### Problem to work on
Each entry needs to be given again, character for character.

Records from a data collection
<<<<

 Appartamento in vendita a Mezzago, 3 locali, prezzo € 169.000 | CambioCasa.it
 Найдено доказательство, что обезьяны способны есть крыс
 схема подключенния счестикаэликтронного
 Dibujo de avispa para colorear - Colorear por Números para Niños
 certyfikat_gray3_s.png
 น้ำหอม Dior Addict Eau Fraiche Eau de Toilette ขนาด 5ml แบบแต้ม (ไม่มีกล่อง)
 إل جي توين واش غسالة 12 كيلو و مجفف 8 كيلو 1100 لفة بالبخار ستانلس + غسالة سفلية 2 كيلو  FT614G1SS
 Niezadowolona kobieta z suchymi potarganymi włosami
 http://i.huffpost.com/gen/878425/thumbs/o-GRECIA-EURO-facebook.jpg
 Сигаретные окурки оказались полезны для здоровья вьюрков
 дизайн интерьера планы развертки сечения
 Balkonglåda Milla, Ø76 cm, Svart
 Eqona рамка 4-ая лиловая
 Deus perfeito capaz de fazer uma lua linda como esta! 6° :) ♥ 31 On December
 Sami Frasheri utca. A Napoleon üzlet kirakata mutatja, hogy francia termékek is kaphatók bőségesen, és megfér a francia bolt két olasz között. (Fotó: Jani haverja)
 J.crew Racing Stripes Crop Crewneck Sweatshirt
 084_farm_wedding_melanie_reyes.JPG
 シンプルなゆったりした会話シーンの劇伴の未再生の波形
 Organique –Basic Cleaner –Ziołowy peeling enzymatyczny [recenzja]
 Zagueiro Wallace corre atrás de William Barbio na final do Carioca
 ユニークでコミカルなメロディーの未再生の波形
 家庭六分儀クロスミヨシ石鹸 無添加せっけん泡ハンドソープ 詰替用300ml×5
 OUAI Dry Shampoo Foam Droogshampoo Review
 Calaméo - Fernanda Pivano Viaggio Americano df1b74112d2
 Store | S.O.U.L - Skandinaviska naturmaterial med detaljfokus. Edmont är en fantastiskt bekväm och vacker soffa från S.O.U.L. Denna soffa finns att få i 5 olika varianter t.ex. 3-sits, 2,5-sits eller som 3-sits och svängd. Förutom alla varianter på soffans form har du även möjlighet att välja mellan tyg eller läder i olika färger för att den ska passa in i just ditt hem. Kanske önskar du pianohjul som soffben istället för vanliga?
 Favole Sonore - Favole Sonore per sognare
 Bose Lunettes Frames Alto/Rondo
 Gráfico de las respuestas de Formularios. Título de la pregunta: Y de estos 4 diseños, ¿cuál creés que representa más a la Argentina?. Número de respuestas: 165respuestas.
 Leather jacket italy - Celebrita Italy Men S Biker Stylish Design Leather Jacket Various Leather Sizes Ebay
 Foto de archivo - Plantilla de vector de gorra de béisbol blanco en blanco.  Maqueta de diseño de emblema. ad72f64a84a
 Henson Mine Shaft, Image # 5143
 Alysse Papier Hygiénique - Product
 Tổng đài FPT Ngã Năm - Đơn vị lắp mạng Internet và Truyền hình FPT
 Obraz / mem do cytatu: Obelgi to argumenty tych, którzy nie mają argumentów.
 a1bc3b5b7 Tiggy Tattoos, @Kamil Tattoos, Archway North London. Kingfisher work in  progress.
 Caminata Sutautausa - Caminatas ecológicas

>>>>

### Answer to this exercise
 Appartamento in vendita a Mezzago, 3 locali, prezzo € 169.000 | CambioCasa.it
 Найдено доказательство, что обезьяны способны есть крыс
 схема подключенния счестикаэликтронного
 Dibujo de avispa para colorear - Colorear por Números para Niños
 certyfikat_gray3_s.png
 น้ำหอม Dior Addict Eau Fraiche Eau de Toilette ขนาด 5ml แบบแต้ม (ไม่มีกล่อง)
 إل جي توين واش غسالة 12 كيلو و مجفف 8 كيلو 1100 لفة بالبخار ستانلس + غسالة سفلية 2 كيلو  FT614G1SS
 Niezadowolona kobieta z suchymi potarganymi włosami
 http://i.huffpost.com/gen/878425/thumbs/o-GRECIA-EURO-facebook.jpg
 Сигаретные окурки оказались полезны для здоровья вьюрков
 дизайн интерьера планы развертки сечения
 Balkonglåda Milla, Ø76 cm, Svart
 Eqona рамка 4-ая лиловая
 Deus perfeito capaz de fazer uma lua linda como esta! 6° :) ♥ 31 On December
 Sami Frasheri utca. A Napoleon üzlet kirakata mutatja, hogy francia termékek is kaphatók bőségesen, és megfér a francia bolt két olasz között. (Fotó: Jani haverja)
 J.crew Racing Stripes Crop Crewneck Sweatshirt
 084_farm_wedding_melanie_reyes.JPG
 シンプルなゆったりした会話シーンの劇伴の未再生の波形
 Organique –Basic Cleaner –Ziołowy peeling enzymatyczny [recenzja]
 Zagueiro Wallace corre atrás de William Barbio na final do Carioca
 ユニークでコミカルなメロディーの未再生の波形
 家庭六分儀クロスミヨシ石鹸 無添加せっけん泡ハンドソープ 詰替用300ml×5
 OUAI Dry Shampoo Foam Droogshampoo Review
 Calaméo - Fernanda Pivano Viaggio Americano df1b74112d2
 Store | S.O.U.L - Skandinaviska naturmaterial med detaljfokus. Edmont är en fantastiskt bekväm och vacker soffa från S.O.U.L. Denna soffa finns att få i 5 olika varianter t.ex. 3-sits, 2,5-sits eller som 3-sits och svängd. Förutom alla varianter på soffans form har du även möjlighet att välja mellan tyg eller läder i olika färger för att den ska passa in i just ditt hem. Kanske önskar du pianohjul som soffben istället för vanliga?
 Favole Sonore - Favole Sonore per sognare
 Bose Lunettes Frames Alto/Rondo
 Gráfico de las respuestas de Formularios. Título de la pregunta: Y de estos 4 diseños, ¿cuál creés que representa más a la Argentina?. Número de respuestas: 165respuestas.
 Leather jacket italy - Celebrita Italy Men S Biker Stylish Design Leather Jacket Various Leather Sizes Ebay
 Foto de archivo - Plantilla de vector de gorra de béisbol blanco en blanco.  Maqueta de diseño de emblema. ad72f64a84a
 Henson Mine Shaft, Image # 5143
 Alysse Papier Hygiénique - Product
 Tổng đài FPT Ngã Năm - Đơn vị lắp mạng Internet và Truyền hình FPT
 Obraz / mem do cytatu: Obelgi to argumenty tych, którzy nie mają argumentów.
 a1bc3b5b7 Tiggy Tattoos, @Kamil Tattoos, Archway North London. Kingfisher work in  progress.
 Caminata Sutautausa - Caminatas ecológicas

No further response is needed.